Performance Metrics:

  • Latency: Average, P50, P90, P95, P99, Min, Max (milliseconds)
  • Throughput: Requests per second (QPS)
  • Success Rate: Percentage of successful operations
  • Error Rate: Percentage of failed operations
  • Resource Utilization: CPU and memory usage per container

Latency Results

Test Scenario Service Operation Count Avg(µs) Min(µs) P50(µs) P90(µs) P95(µs) P99(µs) Max(µs) Success Failure
APIGateway_NoLog APIGateway ListItems 50 896.17 763.04 860.46 1076.30 1096.22 1160.64 1199.17 50 0
APIGateway_NoLog APIGateway PlaceOrder 50 878.40 677.21 830.17 1054.76 1146.29 1432.43 1616.04 50 0
APIGateway_NoLog APIGateway PutItem 50 855.39 741.08 823.79 1005.89 1055.27 1150.68 1230.08 50 0
APIGateway_NoLog APIGateway UpdateItem 50 875.76 757.50 840.94 1085.80 1121.60 1160.81 1164.62 50 0
APIGateway_WithLog APIGateway ListItems 50 1751.47 1383.92 1704.63 2083.42 2292.09 2357.32 2359.88 50 0
APIGateway_WithLog APIGateway PlaceOrder 50 1845.20 1438.21 1646.31 2400.90 2697.49 2972.07 2981.88 50 0
APIGateway_WithLog APIGateway PutItem 50 1819.93 1403.08 1791.37 2014.97 2089.41 3115.40 3458.42 50 0
APIGateway_WithLog APIGateway UpdateItem 50 2221.89 1423.58 2176.54 2482.08 2531.19 3101.35 3596.12 50 0

Throughput Results

Note: Throughput tests were conducted with 5 concurrent workers for 10 seconds duration. Results show the system's ability to handle concurrent requests through the API Gateway with and without logging.

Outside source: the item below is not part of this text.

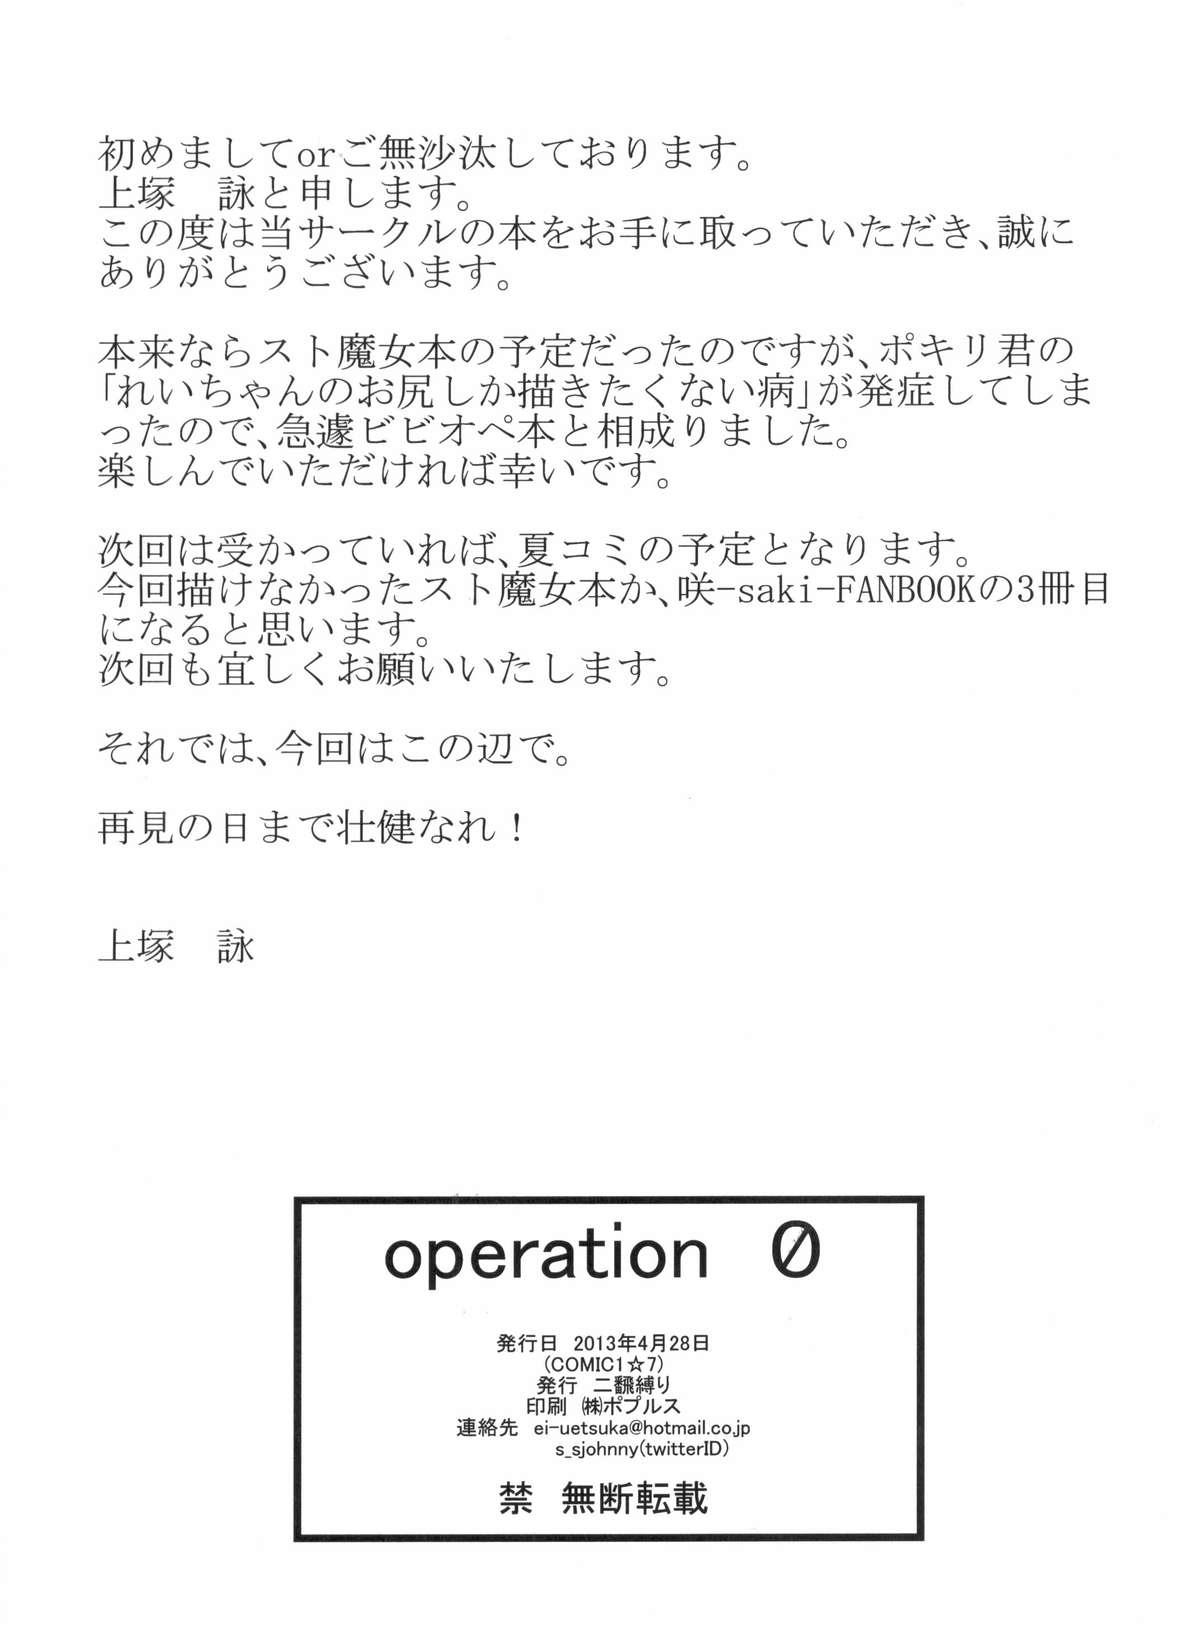 operation 0 21

Test Scenario Service Operation Workers Duration(s) Total Success Failure QPS LatAvg(ms)
APIGateway_NoLog APIGateway ListItems 5 10.00 6616 6616 0 2204.17 2.27
APIGateway_NoLog APIGateway PlaceOrder 5 10.00 6627 6627 0 2207.90 2.26
APIGateway_NoLog APIGateway PutItem 5 10.00 6634 6634 0 2210.22 2.26
APIGateway_NoLog APIGateway UpdateItem 5 10.00 6593 6593 0 2196.46 2.27
APIGateway_WithLog APIGateway ListItems 5 10.05 281 281 0 92.17 53.56
APIGateway_WithLog APIGateway PlaceOrder 5 10.05 195 195 0 64.03 77.91
APIGateway_WithLog APIGateway PutItem 5 10.02 155 155 0 51.38 96.45
APIGateway_WithLog APIGateway UpdateItem 5 10.09 134 134 0 43.41 112.23

Performance Analysis

Key Observations:

  1. Logging Impact on Performance:

    Latency Comparison (50 requests):

    • No Logging: 855-896ms average latency
    • With Logging: 1751-2222ms average latency
    • Performance Impact: 2.0-2.5x slower with logging enabled

    Throughput Comparison (10 seconds, 5 workers):

    • No Logging: 2196-2210 QPS (extremely high performance)
    • With Logging: 43-92 QPS (significant performance degradation)
    • Performance Impact: 24-51x reduction in throughput with logging
  2. Operation Complexity Analysis:

    Without Logging:

    • ListItems: 896ms avg latency, 2204 QPS
    • PlaceOrder: 878ms avg latency, 2208 QPS
    • PutItem: 855ms avg latency, 2210 QPS
    • UpdateItem: 876ms avg latency, 2196 QPS

    With Logging:

    • ListItems: 1751ms avg latency, 92 QPS
    • PlaceOrder: 1845ms avg latency, 64 QPS
    • PutItem: 1820ms avg latency, 51 QPS
    • UpdateItem: 2222ms avg latency, 43 QPS
  3. System Performance Characteristics:

    • 100% success rate across all operations in both scenarios
    • Logging overhead is the primary bottleneck - not operation complexity
    • Without logging: System achieves exceptional performance (2000+ QPS)
    • With logging: Performance drops dramatically due to distributed logging overhead
  4. Critical Findings:

    • Distributed logging adds 0.9-1.4 seconds per request (2.0-2.5x latency increase)
    • Logging reduces throughput by 95-98% (from 2200+ to 43-92 QPS)
    • Operation complexity becomes negligible when logging is disabled
    • LoggerService is the primary performance bottleneck in the system

AI Tools Impact on Implementation

AI tools can quickly help solve many problems, but I have observed that they sometimes miss certain issues. For example, when implementing logging functionality, AI occasionally overlooks specific functions, leading to code that carries risks of instability and unreliability. For complex problems, human review and adjustment remain essential to ensure system integrity and proper functionality.